* Problem to work on
Transcribe the stretch of entries below from the line with "every-bunnys-favorite-nurse-happy-easter-svg" through the line with "A man wearing", exactly and with both ends included; leave out all other lines.

* Provided information
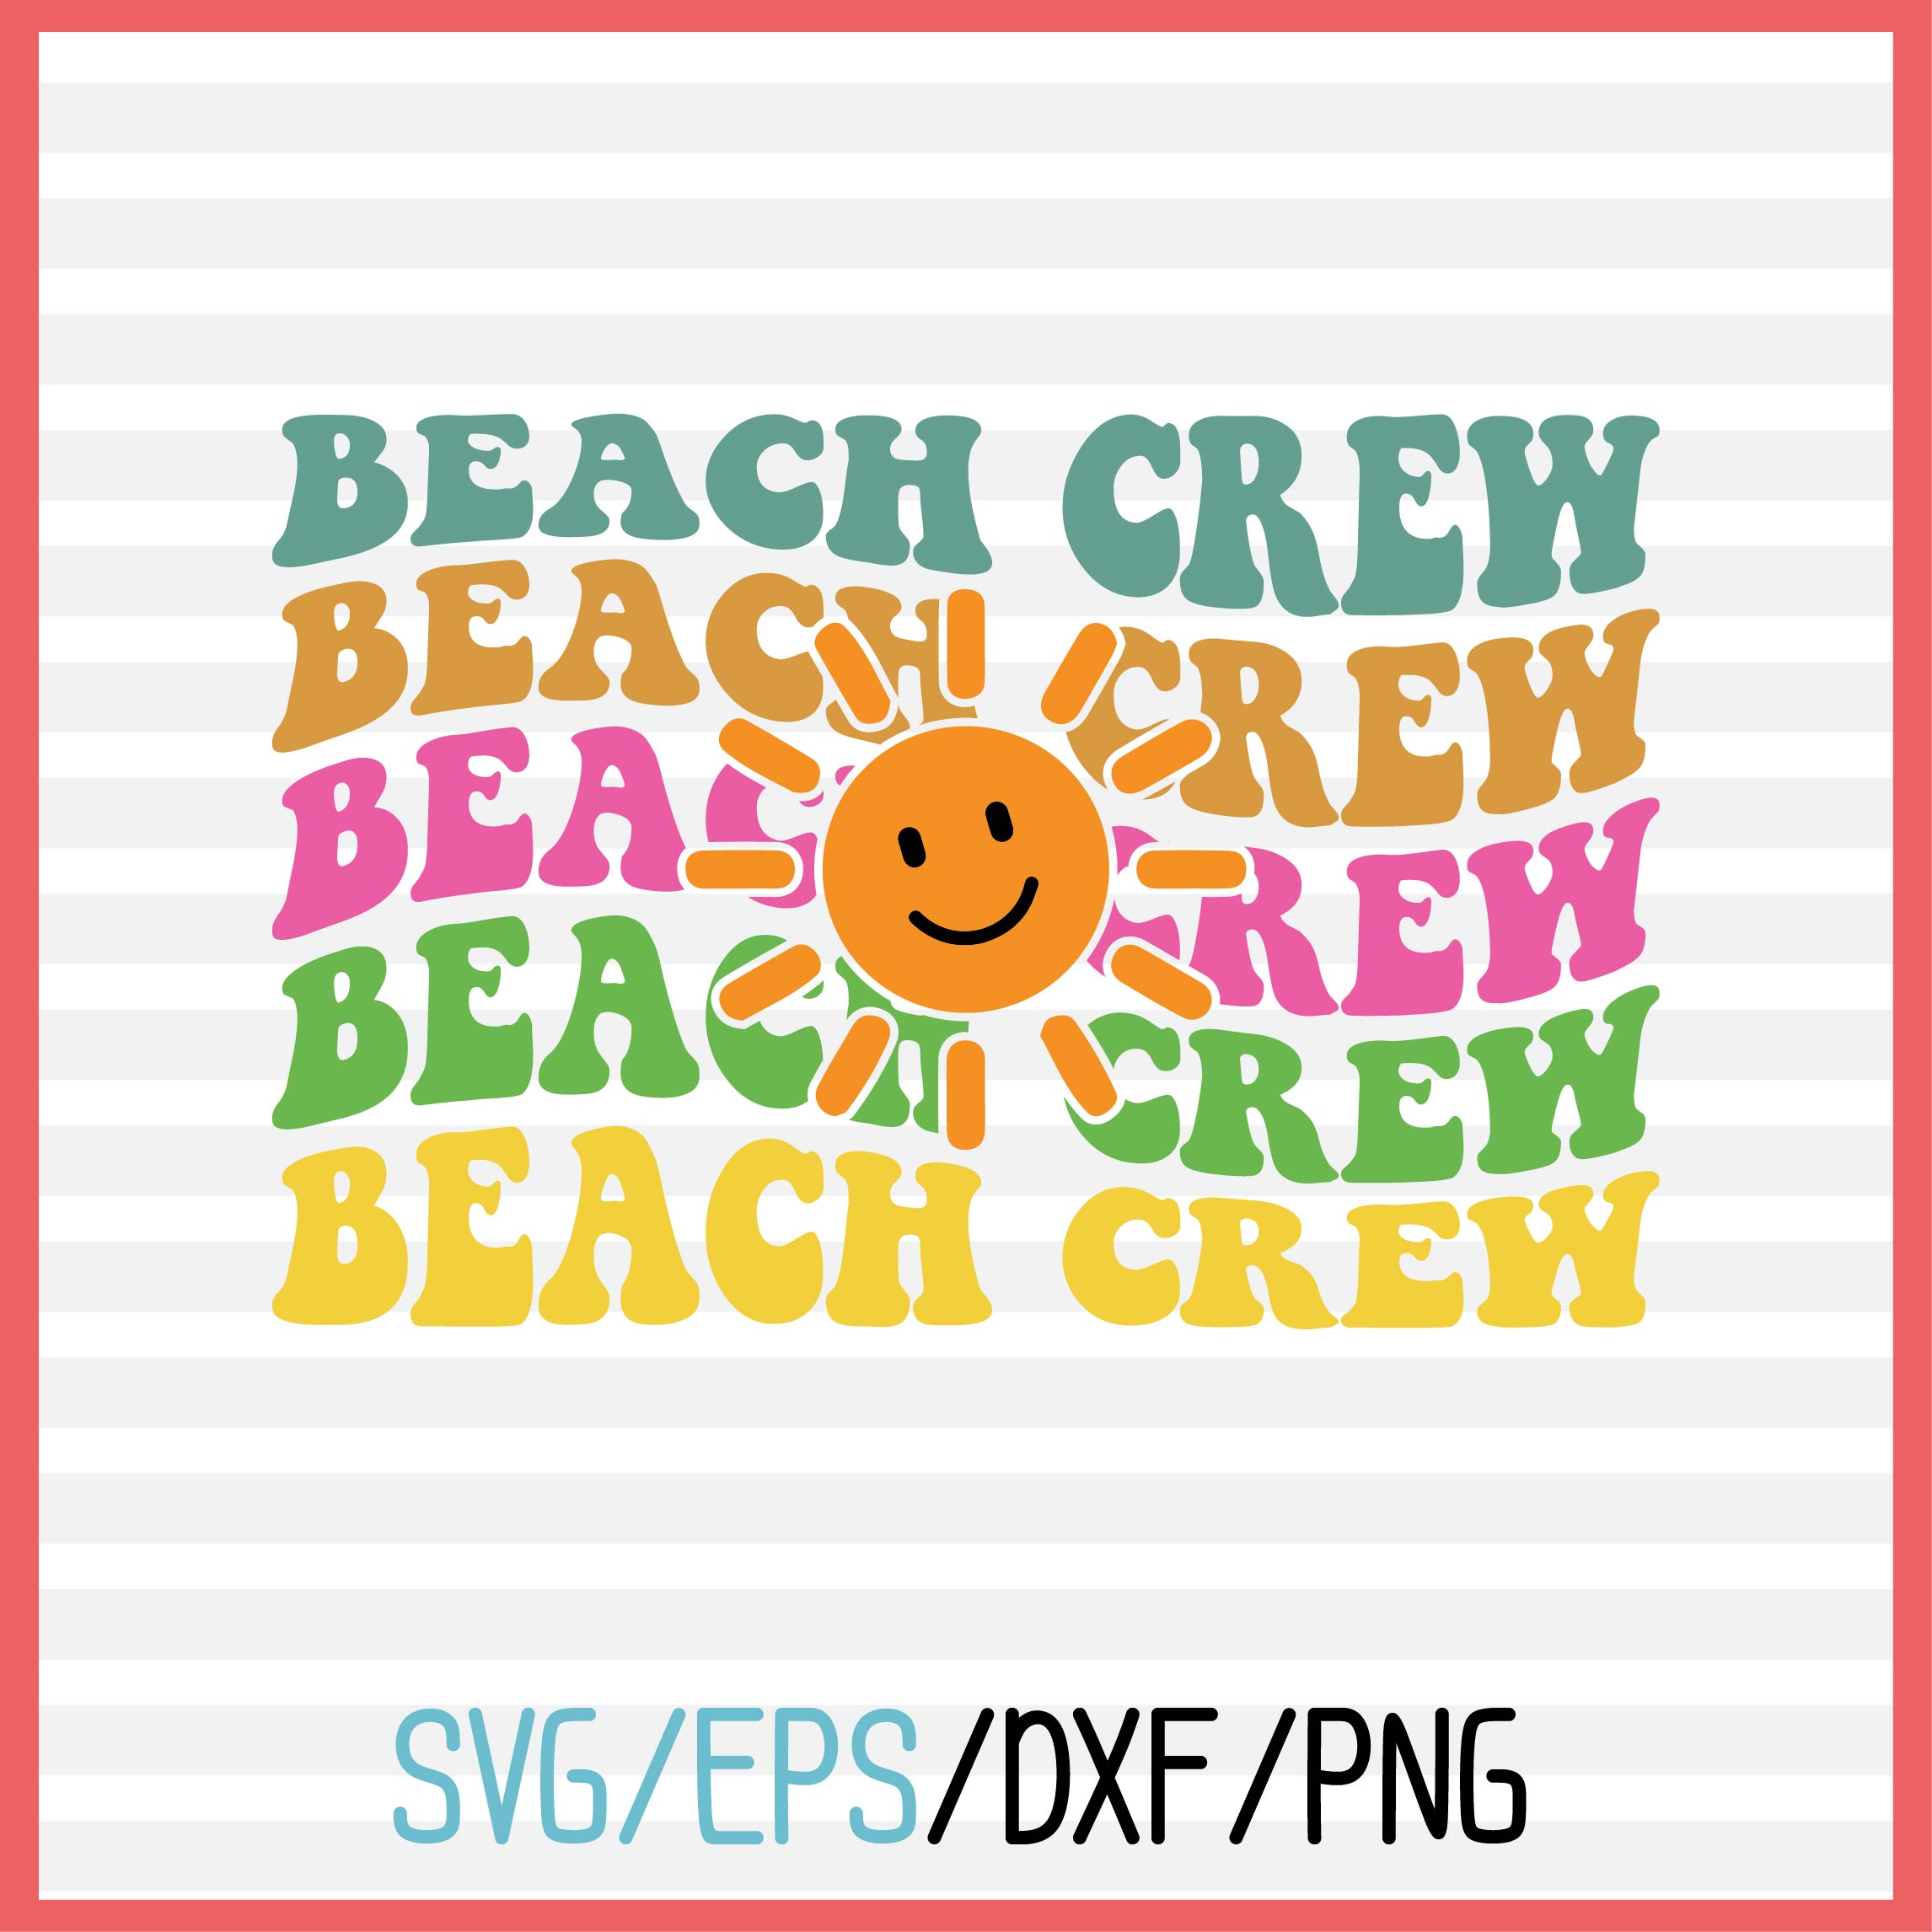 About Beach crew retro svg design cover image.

--

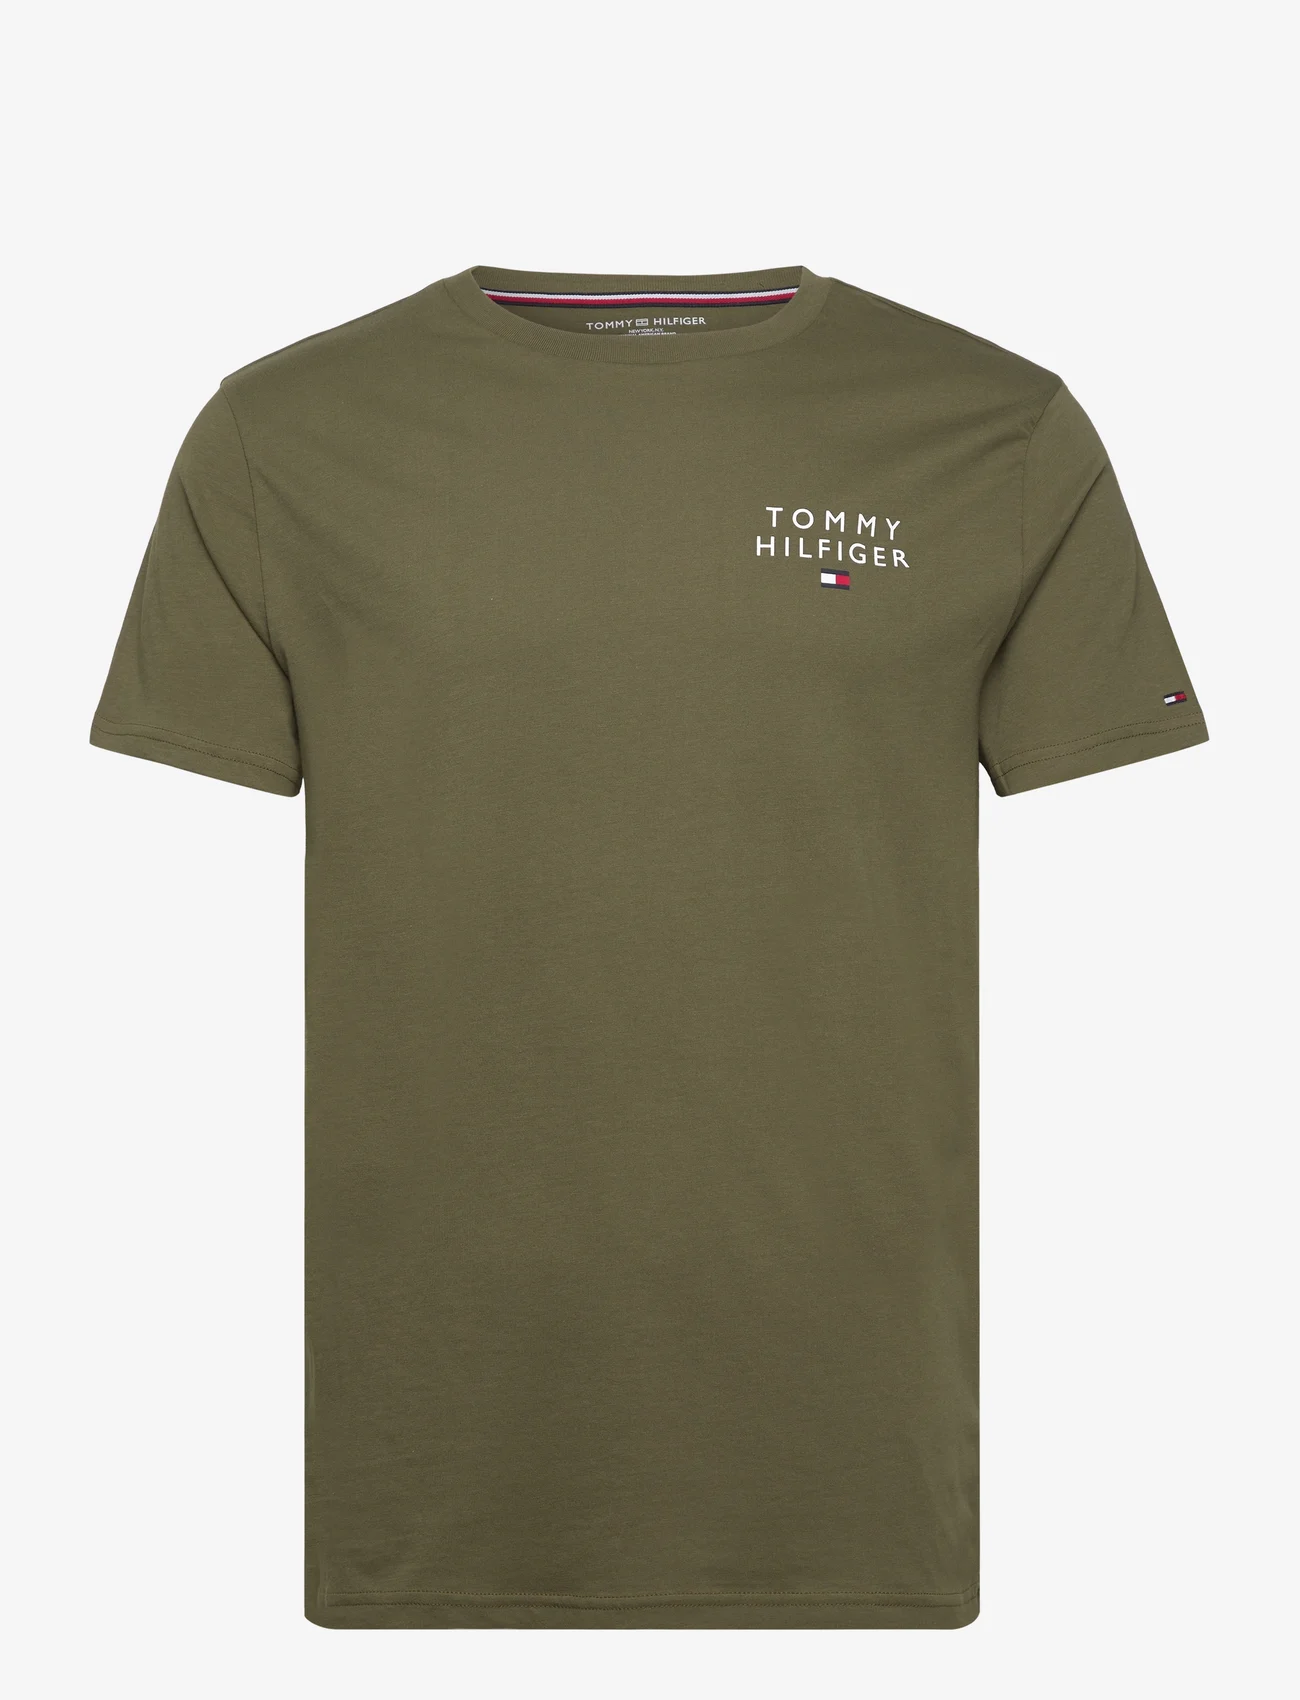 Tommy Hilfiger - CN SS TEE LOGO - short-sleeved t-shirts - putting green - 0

---

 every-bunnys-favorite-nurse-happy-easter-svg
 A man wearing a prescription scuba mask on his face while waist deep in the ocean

* Expected output
 every-bunnys-favorite-nurse-happy-easter-svg
 A man wearing a prescription scuba mask on his face while waist deep in the ocean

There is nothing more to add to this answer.